Displacement Value (DV) or Density Factor (DF)

• Definition: The ratio of the weight of the drug to the weight of the base displaced by that drug. It is the quantity of drug required to displace one unit of base.

• Formula: $DV = \frac{\text{Weight of drug}}{\text{Weight of base displaced}}$ or $DV = \frac{\text{Density of medicament}}{\text{Density of base}}$.

• Example Calculations:

  • Goal: Prepare $10$ suppositories, each with $200\,mg$ drug (density $3.0$), in a base (density $0.9$) where the blank weight is $2.0\,g$.

  • Step 1: Average weight per mold = $2\,g$.

  • Step 2: Total base for $10$ blanks = $2\,g \times 10 = 20\,g$.

  • Step 3: Density ratio = $3.0 / 0.9 = 3.33$.

  • Step 4: Amount of base displaced = $2.0\,g / 3.33 = 0.6\,g$.

  • Step 5: Required base weight = $20\,g - 0.6\,g = 19.4\,g$.

  • Step 6: Total drug needed = $0.2\,g \times 10 = 2.0\,g$.

Preparation by Compression

• Mechanism: Forcing a mixed mass into molds using a machine.

• Advantages: Simple; elegant appearance; prevents sedimentation; good for heat-labile drugs.

• Disadvantages: Potential for air entrapment.

Hand Molding

• Use: Useful for small quantities.

• Steps: Triturate drug into fine powder $\rightarrow$ knead into base $\rightarrow$ roll into rod shapes $\rightarrow$ cut and point one end.

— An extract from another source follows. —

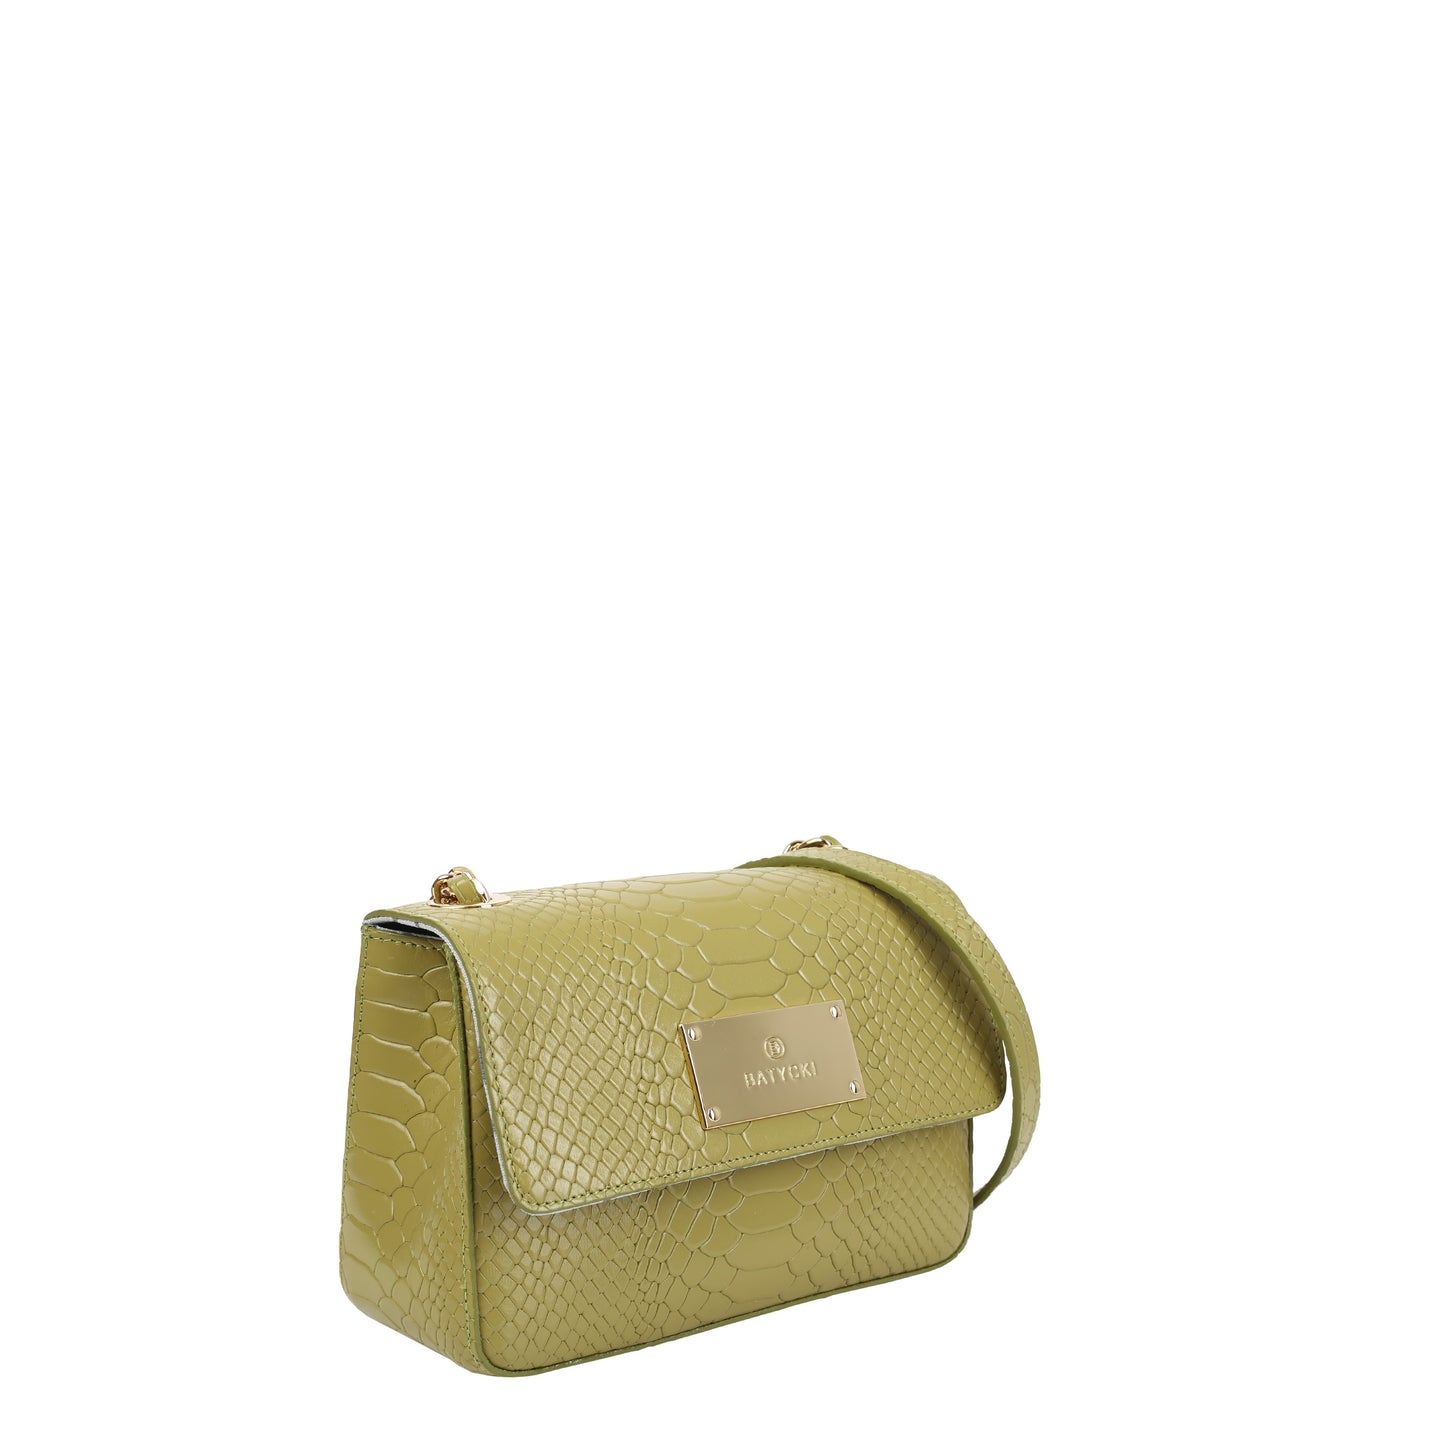 ELLE OLIVE women's leather handbag

Packaging, Labeling, and Storage

• Packaging: Usually in tin, aluminum, or plastic. Poor packaging leads to staining or deformation.

• Labeling Instructions:

  • "Unwrap and insert through rectum."

  • "Keep the suppositories in a refrigerator" (specifically for cocoa butter/glycerinated gelatin).

• Storage Conditions:

  • Fatty/Glycerinated Gelatin: Preferably refrigerated.

  • Macrogols (PEG): Can be stored at room temperature.

Common Formulation Problems

• Water Content: Avoided because it causes fat oxidation, drug crystallization, and bacterial growth.

• Hygroscopicity: Glycerogelatin/Soap glycerin bases lose or absorb moisture based on humidity.

• Interactions:

  • Salicylic acid and sodium barbital crystallize out of PEG.

  • Salicylic acid softens PEG into an ointment.

  • Penicillin G decomposes in PEG.

• Sedimentation: Prevented by adding $2\%$ aluminum monostearate to increase viscosity.

• Brittleness: Common in synthetic fats; solved by adding Tween 80, castor oil, or glycerin.

• Rancidity: Decomposition of unsaturated fatty acids into aldehydes and ketones. Bases with lower unsaturated fatty acid content are more resistant.